SOURCE MATERIAL:
= = = =
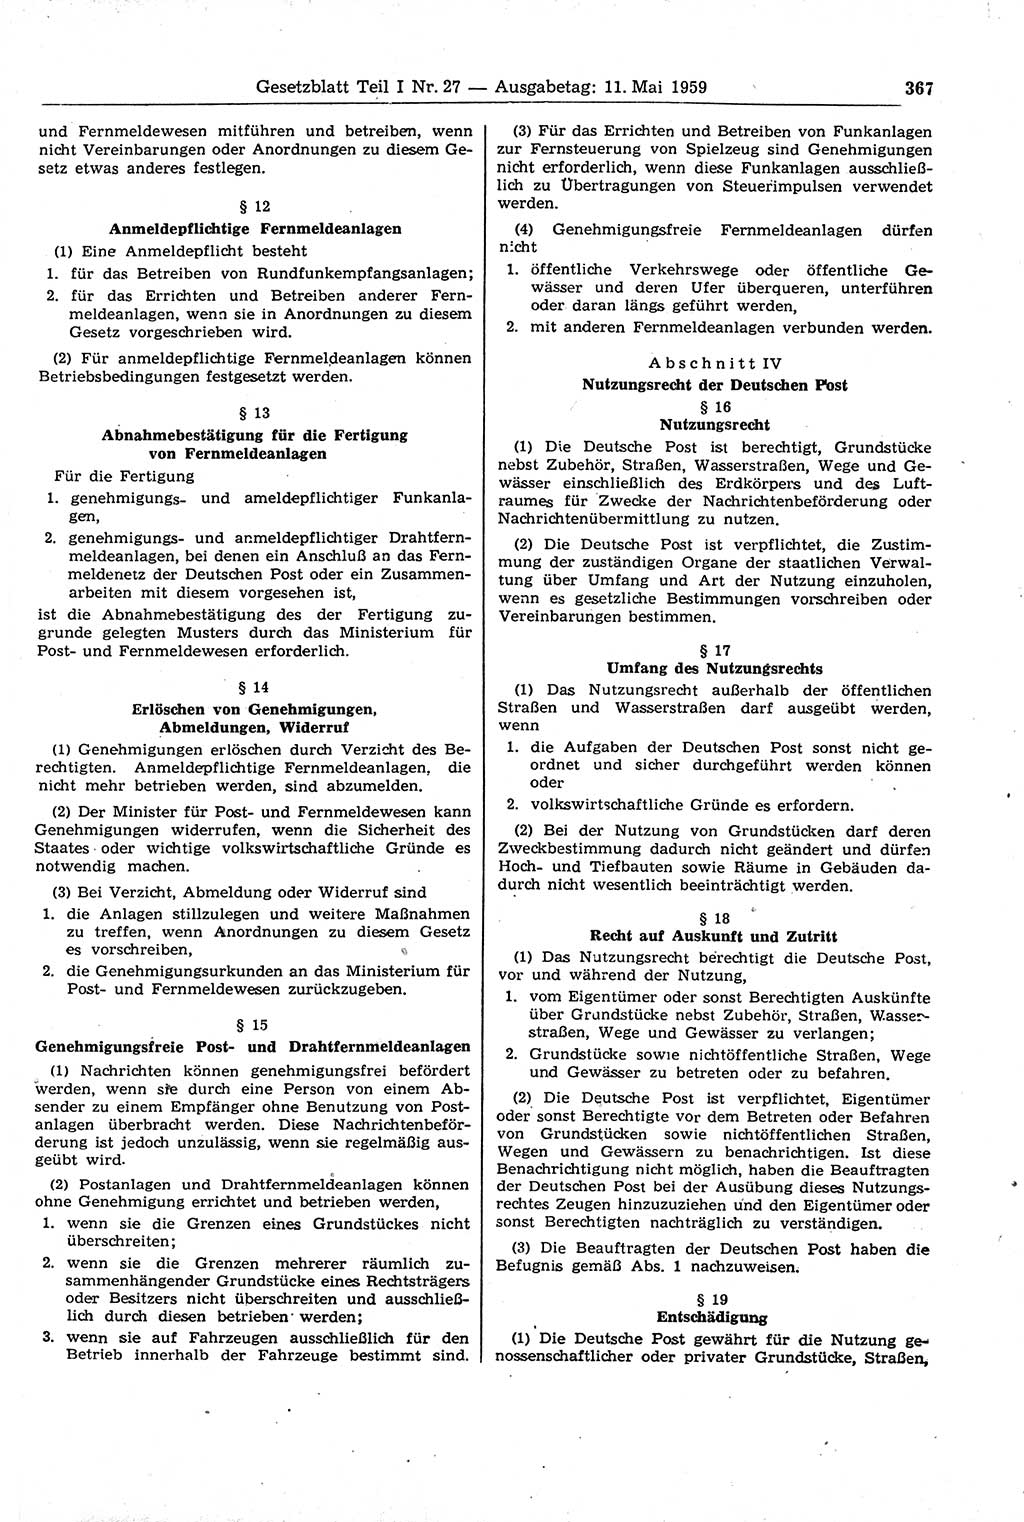 Gesetzblatt (GBl.) der Deutschen Demokratischen Republik (DDR) Teil Ⅰ 1959, Seite 367 (GBl. DDR Ⅰ 1959, S. 367)
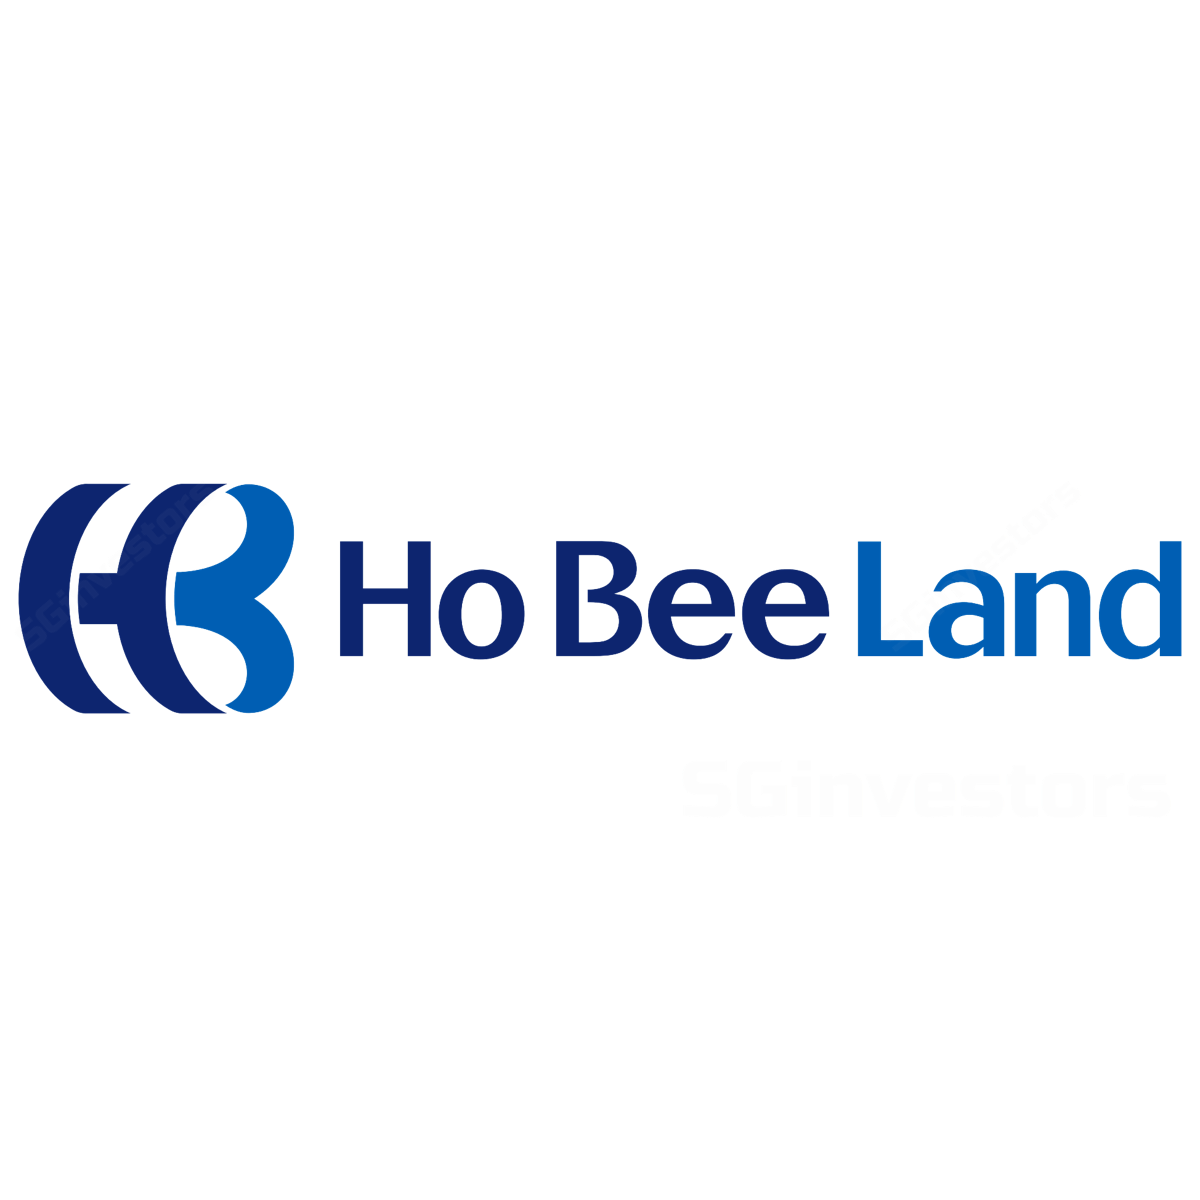 DBS: Ho Bee Land Ltd – Buy Target Price $3.80
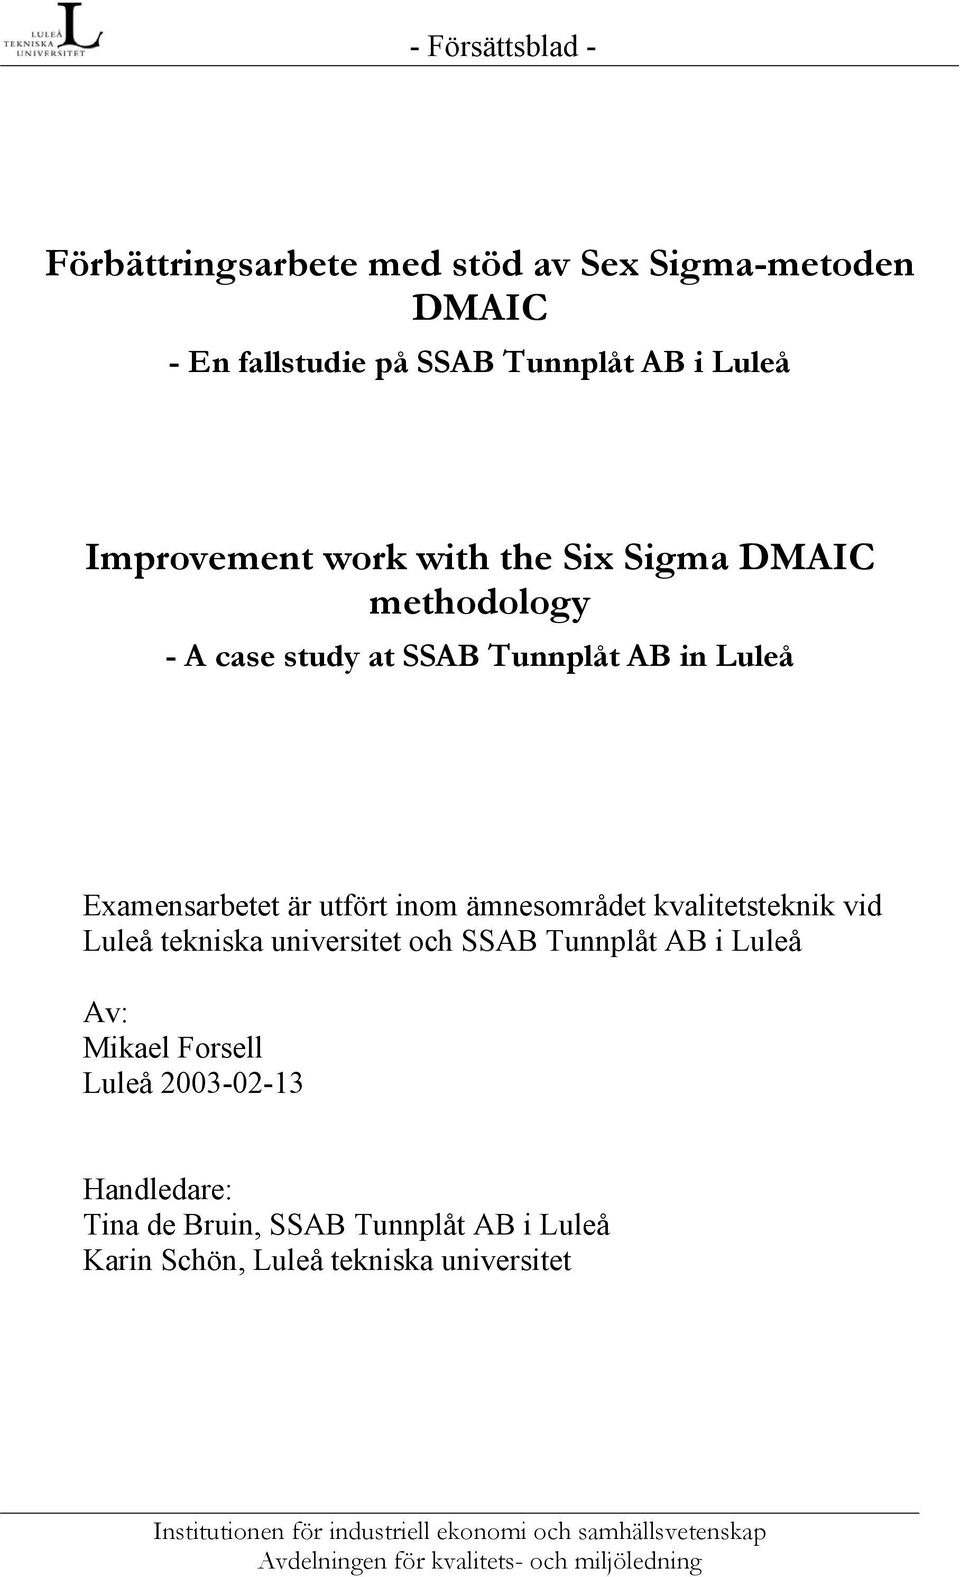 Examensarbetet är utfört inom ämnesområdet kvalitetsteknik vid Luleå tekniska universitet och SSAB Tunnplåt AB i
= = = =
EXERCISE DESCRIPTION:
With pictures left out, transcribe each line from the one containing "DBS: Ho Bee" through the end of the data, both ends included.

THE ANSWER:
 DBS: Ho Bee Land Ltd – Buy Target Price $3.80
 Examensarbetet är utfört inom ämnesområdet kvalitetsteknik vid Luleå tekniska universitet och SSAB Tunnplåt AB i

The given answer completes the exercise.